[Source material Boundary: Start]

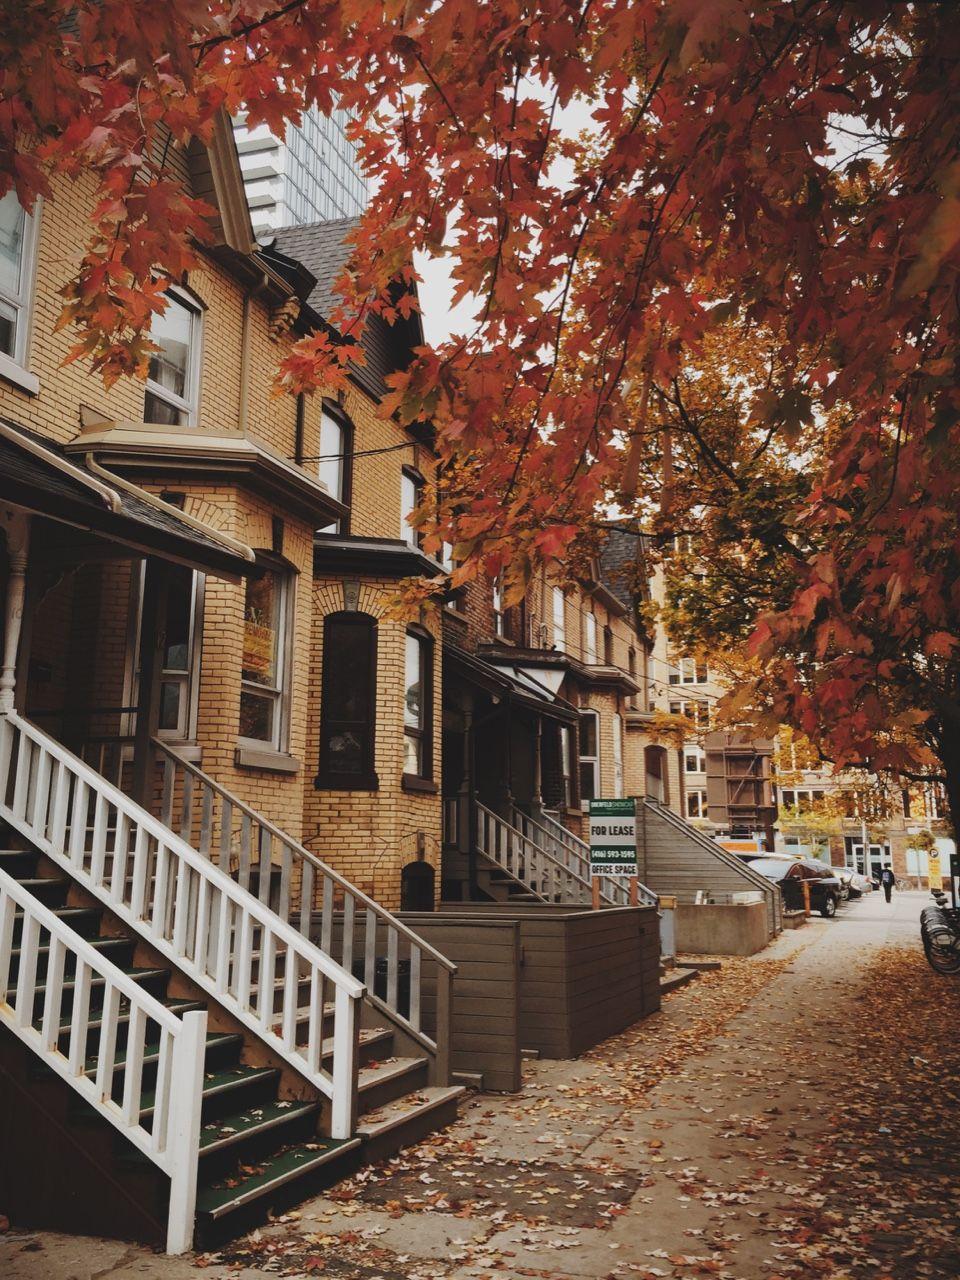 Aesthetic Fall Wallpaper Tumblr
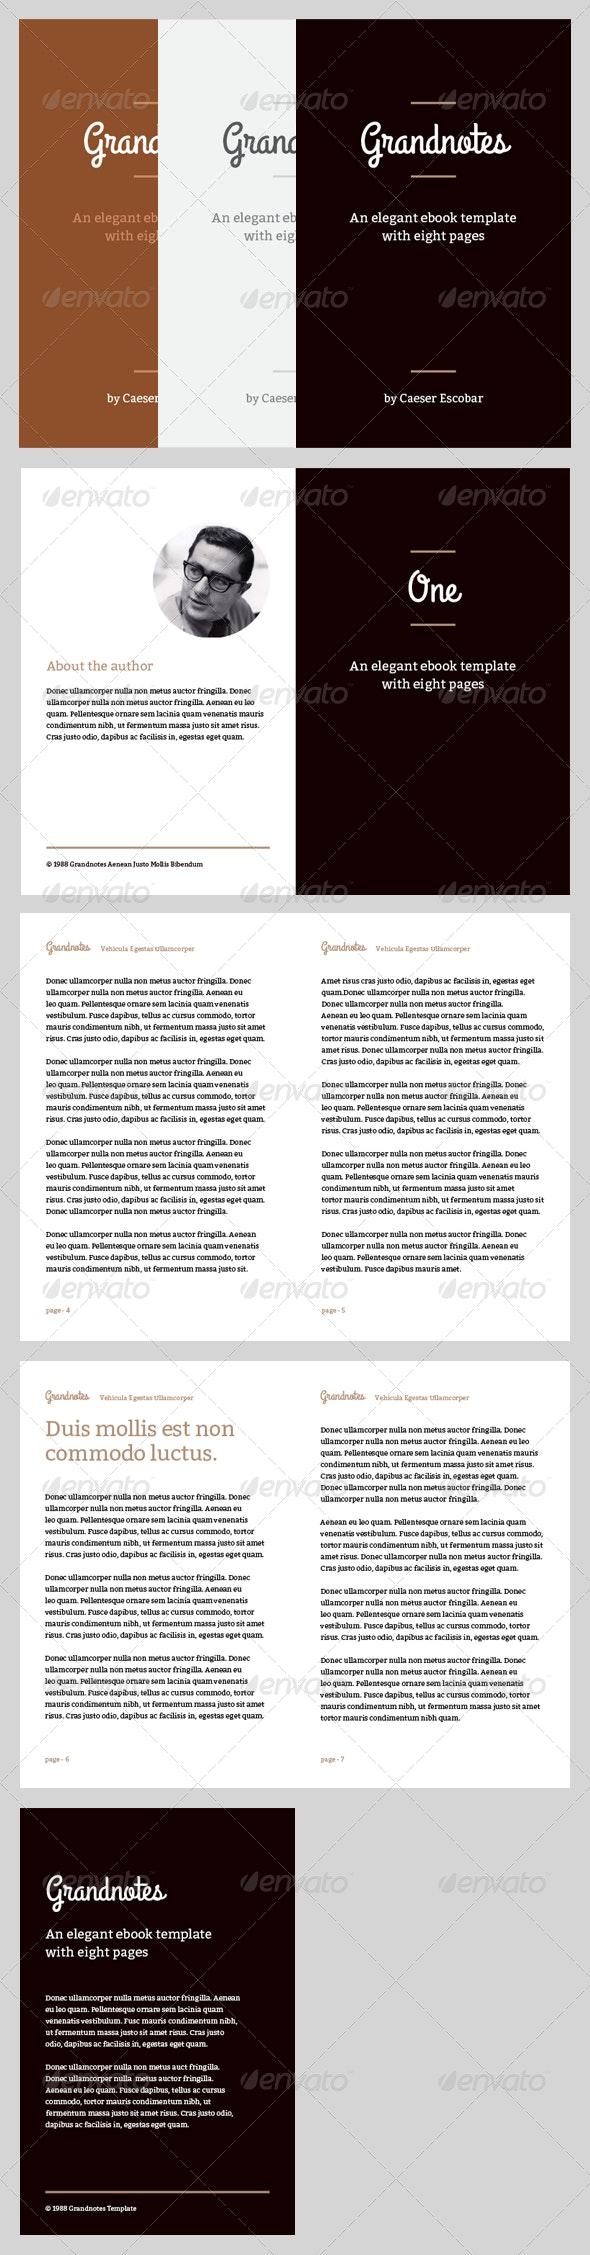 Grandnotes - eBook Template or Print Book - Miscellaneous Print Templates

[Source material Boundary: End]
[Source material Boundary: Start]

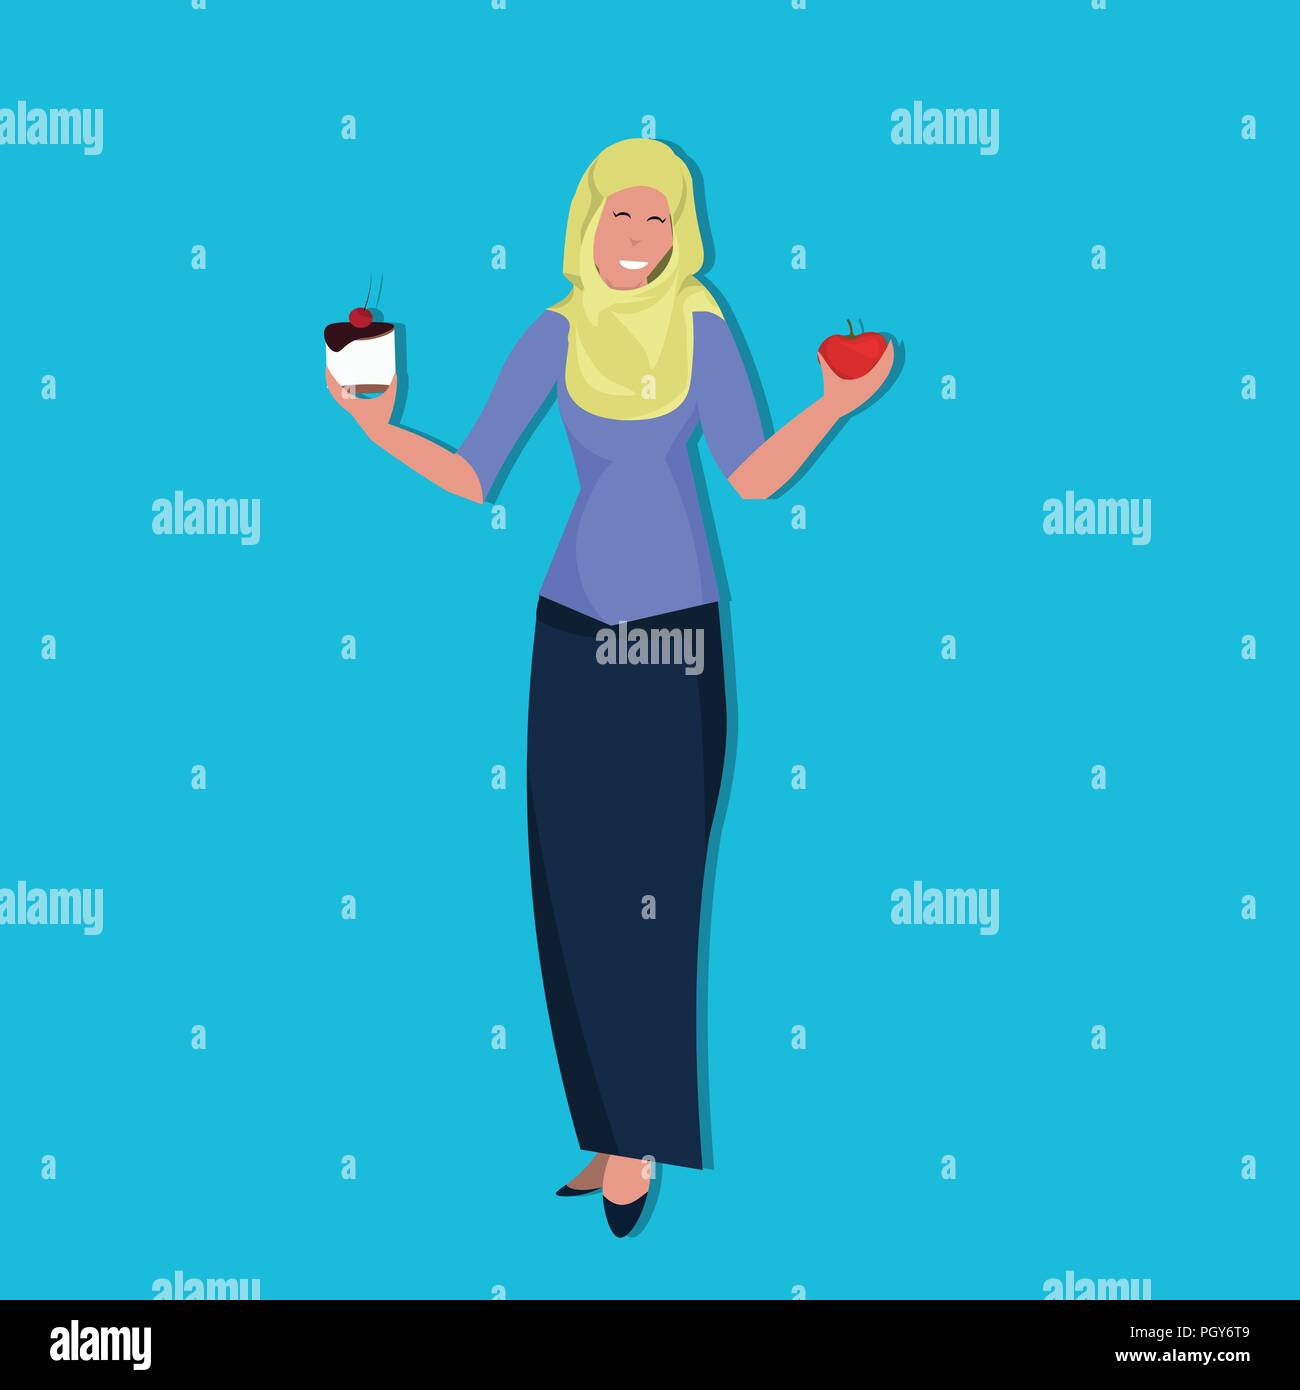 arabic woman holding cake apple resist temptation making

[Source material Boundary: End]
[Source material Boundary: Start]

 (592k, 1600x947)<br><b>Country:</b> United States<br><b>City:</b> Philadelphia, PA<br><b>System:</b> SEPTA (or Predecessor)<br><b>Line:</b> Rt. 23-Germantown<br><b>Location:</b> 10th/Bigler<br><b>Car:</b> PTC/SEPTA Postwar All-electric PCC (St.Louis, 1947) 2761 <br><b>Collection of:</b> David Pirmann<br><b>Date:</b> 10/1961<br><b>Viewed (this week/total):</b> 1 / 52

[Source material Boundary: End]

> [What is expected] Reproduce the data above exactly, but only the lines from the one showing "Aesthetic Fall Wallpaper Tumblr" through the one showing "Grandnotes - eBook", with both ends kept and the pictures left out.

> [Answer area]
 Aesthetic Fall Wallpaper Tumblr
 Grandnotes - eBook Template or Print Book - Miscellaneous Print Templates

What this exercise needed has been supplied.